We liked the game, and still do, but we felt that the bidding system left too much to guesswork and could leave players in the position where being outguessed at the start could leave them with a lost game before a tile had been laid. Francis's view was that the difficulty was one that the players should deal with by negotiation, but in the circles in which we played that didn't happen and so we tried to devise a modification of the bidding that did away with the need for either guesswork or negotiation. Our second aim was to rebalance the companies so as to make their attractions as starting companies more equal.
The rules given here are not quite those in the original article, one or two further modifications having been made in the intervening years.
THE RULE MODIFICATIONS
1) The Bidding for Contracts is taken in Stages.
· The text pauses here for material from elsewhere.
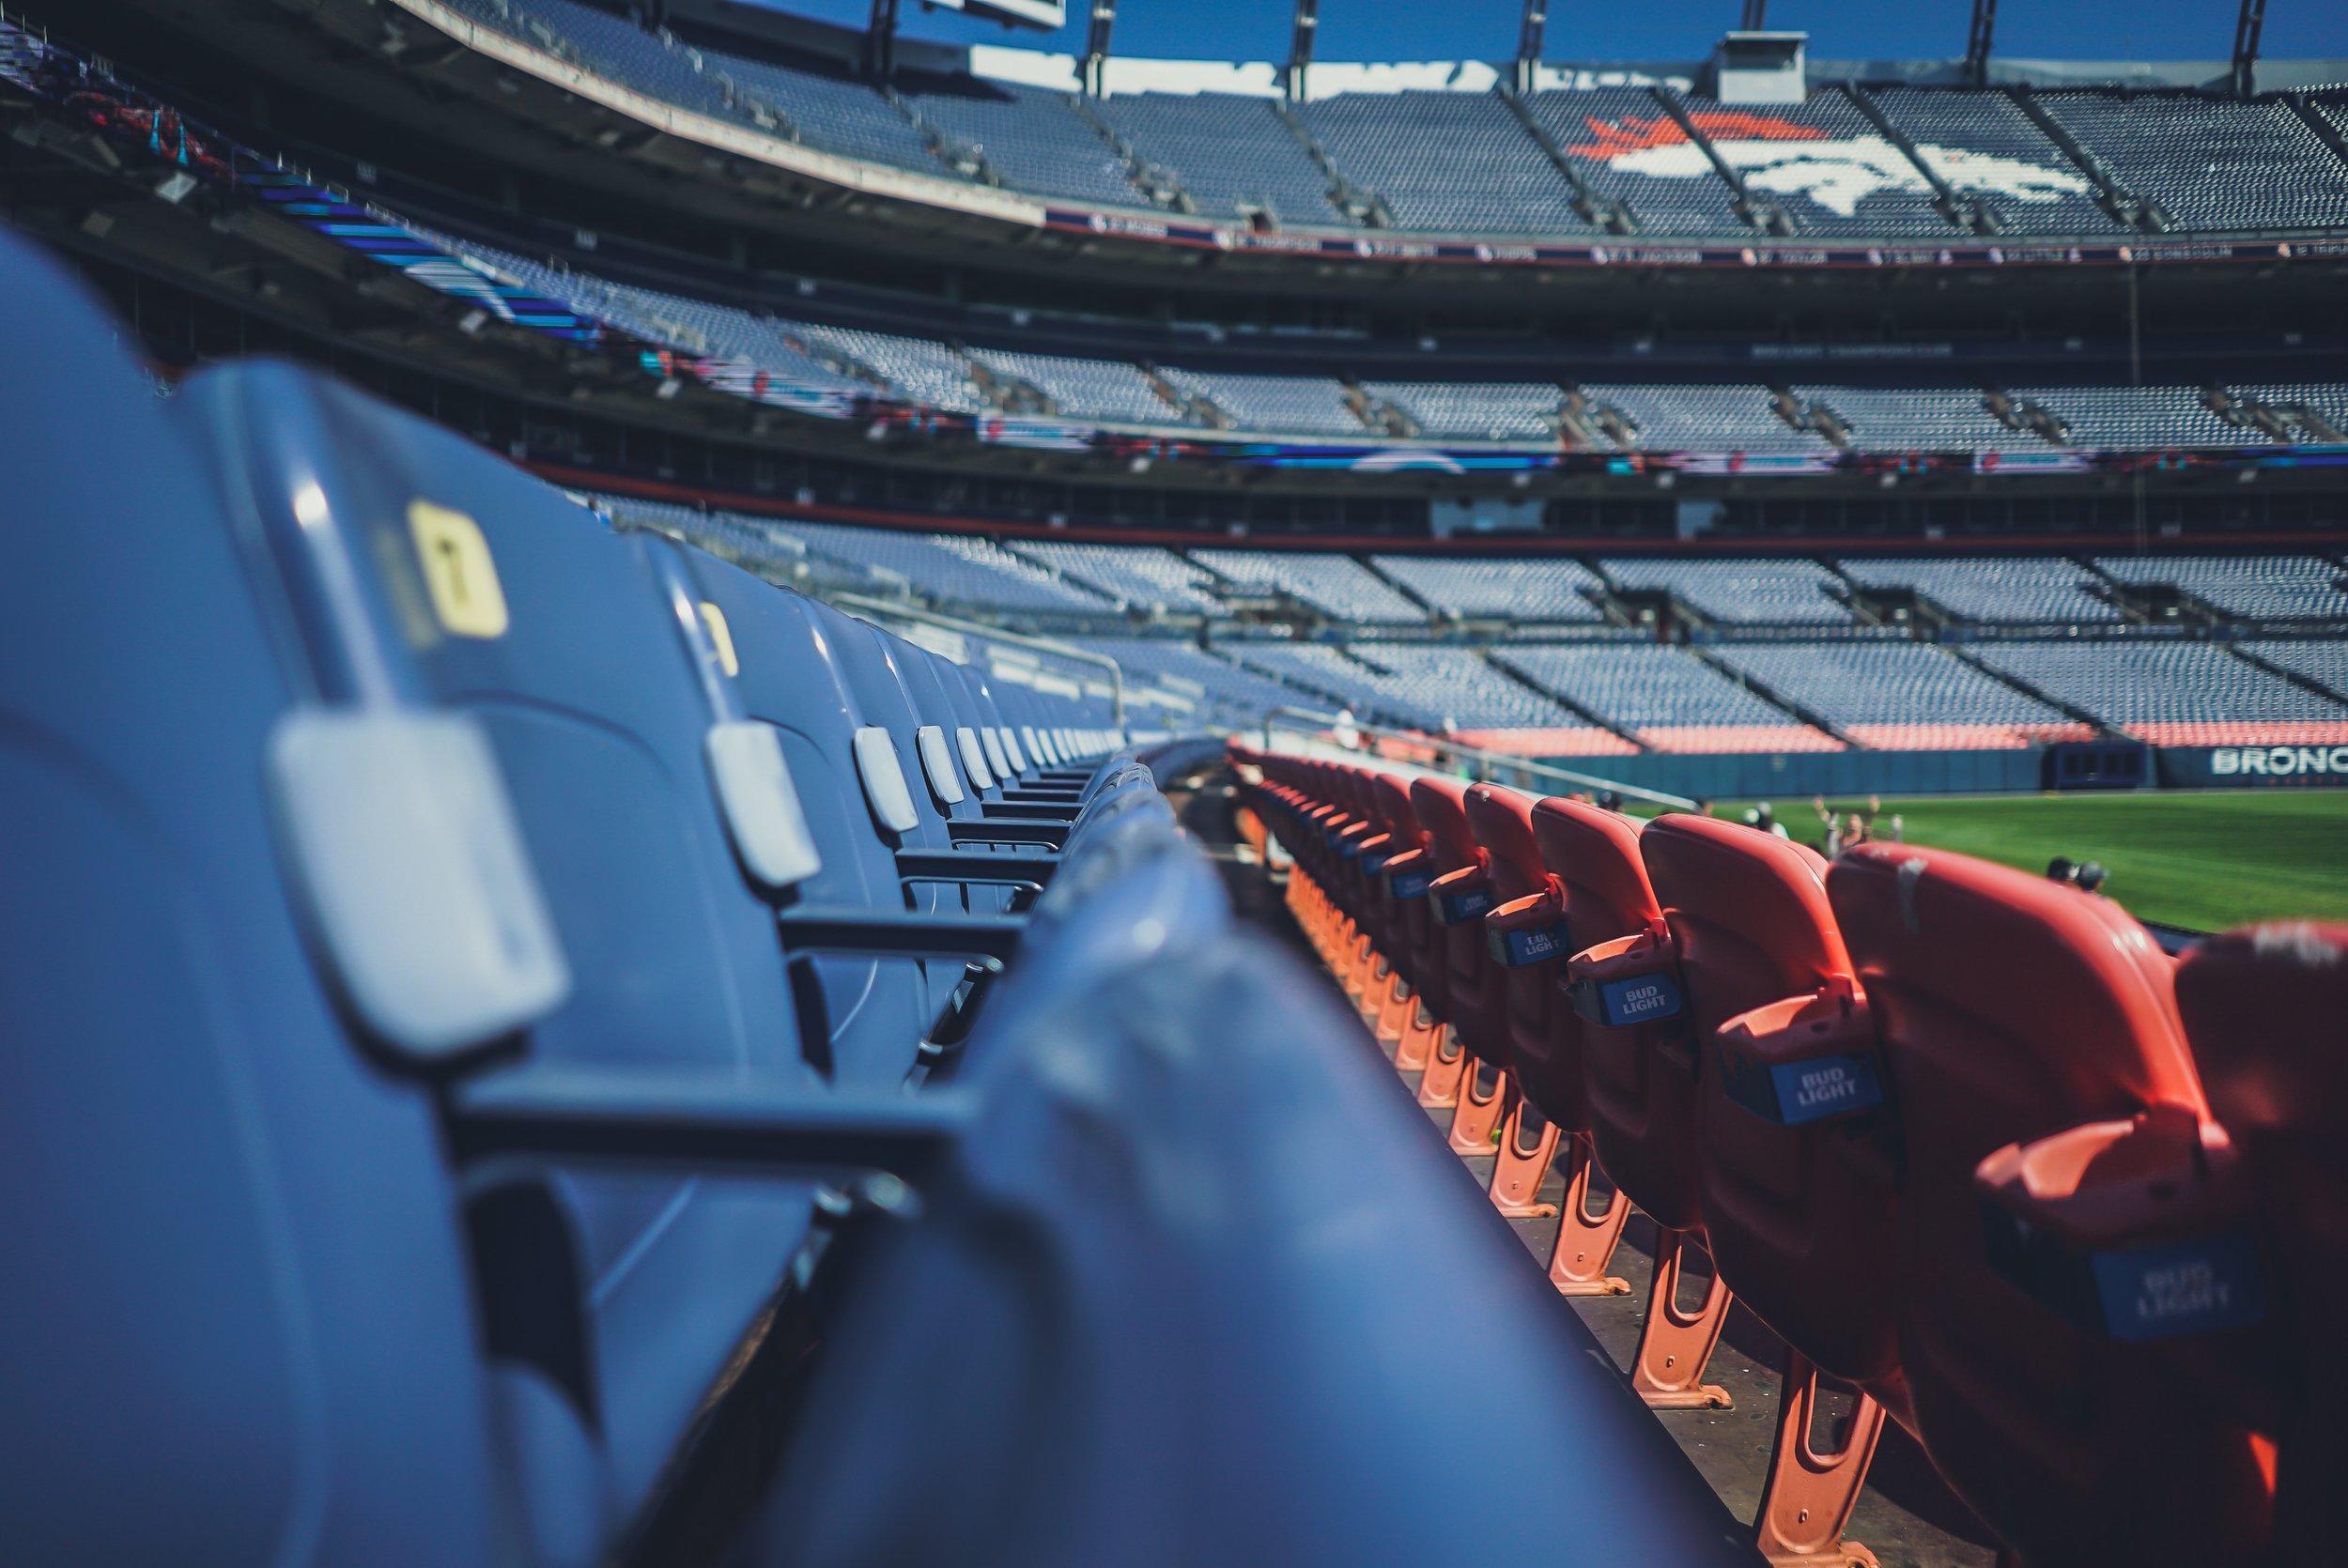 stadium chairs.jpg

The information available by the end of the process will be much as in the original game but you will no longer be bidding blind. In the first Stage all players secretly write down the amount of their Bid. Your Bid may be for any whole number of pounds, provided that this is enough to cover the values of the Cities that you will eventually write down. You do not need to decide at this stage just what those Cities are going to be. The minimum and maximum number of Cities for a legal Bid remain as in the standard rules. All players then reveal the amount of their Bids and the seating order is determined - first the player who has made the largest Bid, and so on down. Ties are resolved by lot and the player who has made the largest Bid takes the Elephant. Each player places his or her Bid money in an envelope. In the second Stage, beginning with the Elephant holder and continuing round, each player Bids for Cities and their associated Shares. When it is your turn you write down (secretly) the name of one of the Cities in your bid and claim (publicly) a Share associated with that City. This continues round and round the table until everyone signifies that their Bid is complete by passing. When it is your turn you may not pass if either you have not yet Contracted for the minimum number of Cities or if you have not yet Contracted for the maximum number of Cities and there is at least 40 pounds of your Bid money not yet accounted for. Players now pay for their Contracted Shares as in the standard game. The rules governing Shares that you have Contracted for but can not yet afford are unaltered. The first Share Buying Round then commences with the Elephant holder.
2) Directorships are not allocated until the end of the first Share Buying Round. At this point all those Companies entitled to a Director receive one. The person appointed is the one with the most Shares in the Company; ties are broken in favour of the player who has held Shares in the Company longest.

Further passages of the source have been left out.